What does one learn in Hitler Youth training camp?   Well, falsehoods about Jews and how to behave like a violent sociopath, just to name two items.   

Taika Waititi walks a delicate, delicate tightrope with Jojo Rabbit, which he wrote, directed, and co-starred as Jojo's imaginary friend, Adolf Hitler.   Yes, that one.   Waititi is fresh off directing Thor: Ragnarok, which made a boatload, so getting Jojo Rabbit greenlit was probably smoother than usual.    Imagine a first-time writer/director pitching a satirical view of Nazi Germany in which Adolf Hitler is the imaginary chum of the ten-year-old protagonist?    And Hitler is portrayed as an egomaniacal goof?   Good luck.

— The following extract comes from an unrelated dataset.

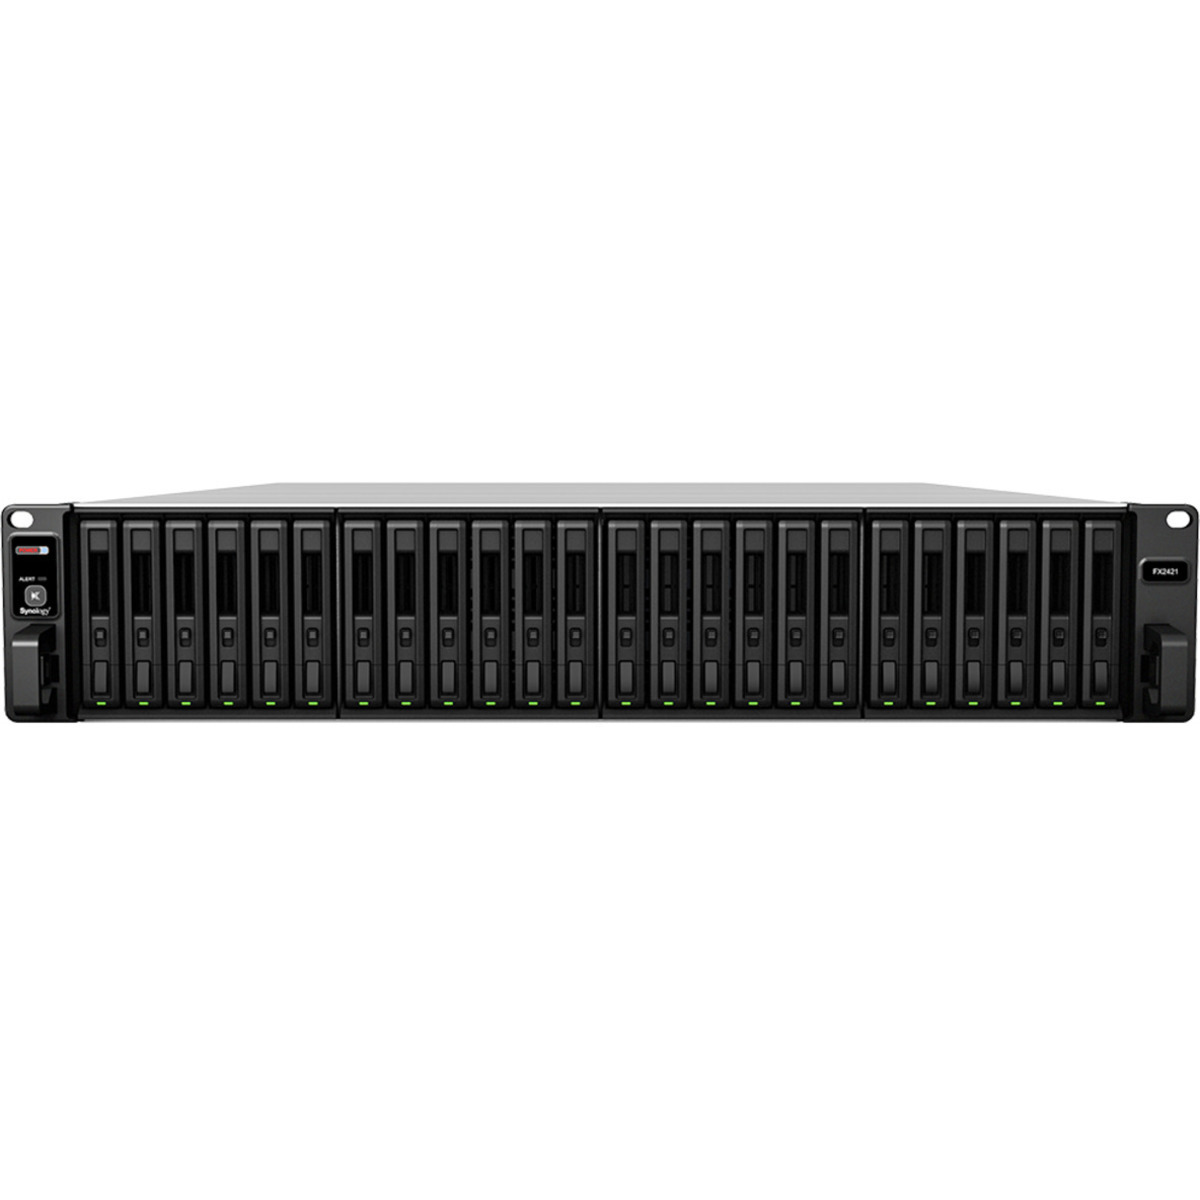 buy $6254 Synology FX2421 12tb RackMount Expansion Enclosure 24x500gb Samsung 870 EVO MZ-77E500BAM 2.5 SATA 6Gb/s SSD CONSUMER Class Drives Installed - Burn-In Tested - nas headquarters buy network attached storage server device das new raid-5 free shipping usa christmas new year holiday sale FX2421
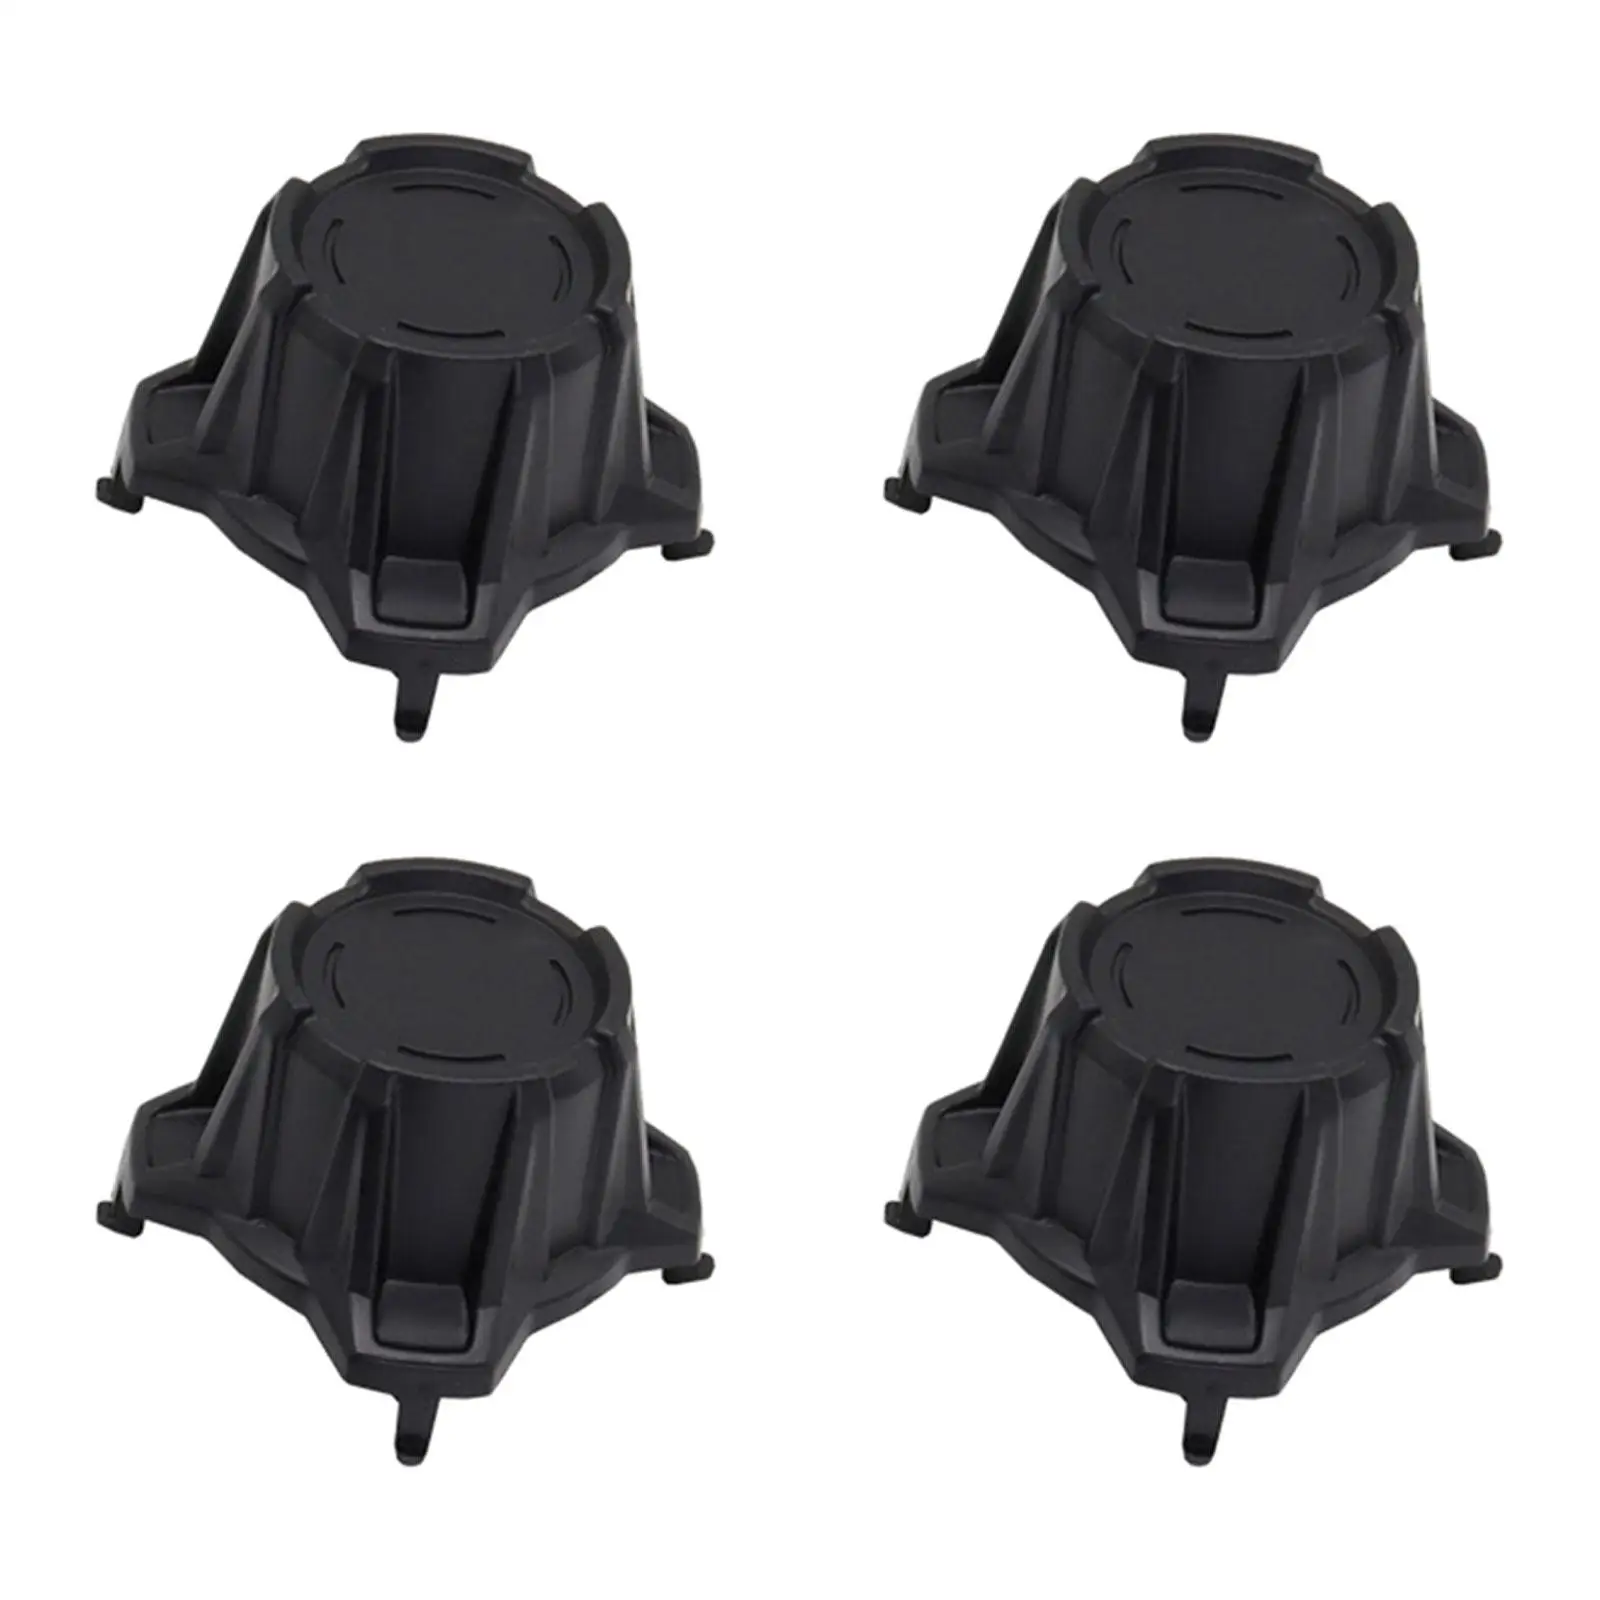 4x Tire Wheel Hub Caps Motorcycle Easy to Install Repair Parts Cap Cover for x3

But, the movie was made and the results are a triumph of balance between the humorous, the sad, and the horrifying.    Jojo is all in on the lies spread about Jews.    He never met one, but surely he could recognize one because of the horns growing from their heads.     Jojo's mother, Rosie (Johansson) sees what is going on and finds it makes no sense.    People are dying and the war is soon to ravage their small, quiet, previously undisturbed town.   Her husband is off fighting in Italy and hasn't been heard from in months.   Soon, Jojo meets his first Jew, a teenage girl named Elsa (McKenzie) who he is terrified to discover hiding out in the bedroom of his dead sister.    Jojo is at first horrified and ready to contact the Gestapo, but realizes this will result in his mother being hauled away and shot.    Jojo and Elsa are frosty towards each other at first, then they develop a friendship which blows all of Jojo's previous beliefs completely out of the water.

Hitler pops in often, trying to compel Jojo to resist Elsa and continue obeying the laws of the Fatherland.    Hitler's impatience with Jojo grows with each visit, and finds even he can't stop Jojo from discovering his own humanity.    I won't reveal the payoff to Jojo's relationship with the imagined Hitler, but it is enormously satisfying and mostly inevitable.    The other adults in Jojo's life are hardly role models, although Capt. Klenzendorf (Rockwell), the inept leader of the local Hitler Youth chapter, does provide the depth we've come to expect from characters played by Sam Rockwell lately. 

Jojo Rabbit is as varied in tone as the emotions it dredges up within the viewer.   There is humor and satire, but we don't venture into Springtime for Hitler territory.    The themes dealt with are not taken lightly, and treated with the gravitas they deserve.    We are left with a powerful, unsettling movie experience.    The happy ending is a tad too happy, considering what has happened and how the two main characters are going to face their uncertain futures without any family to speak of.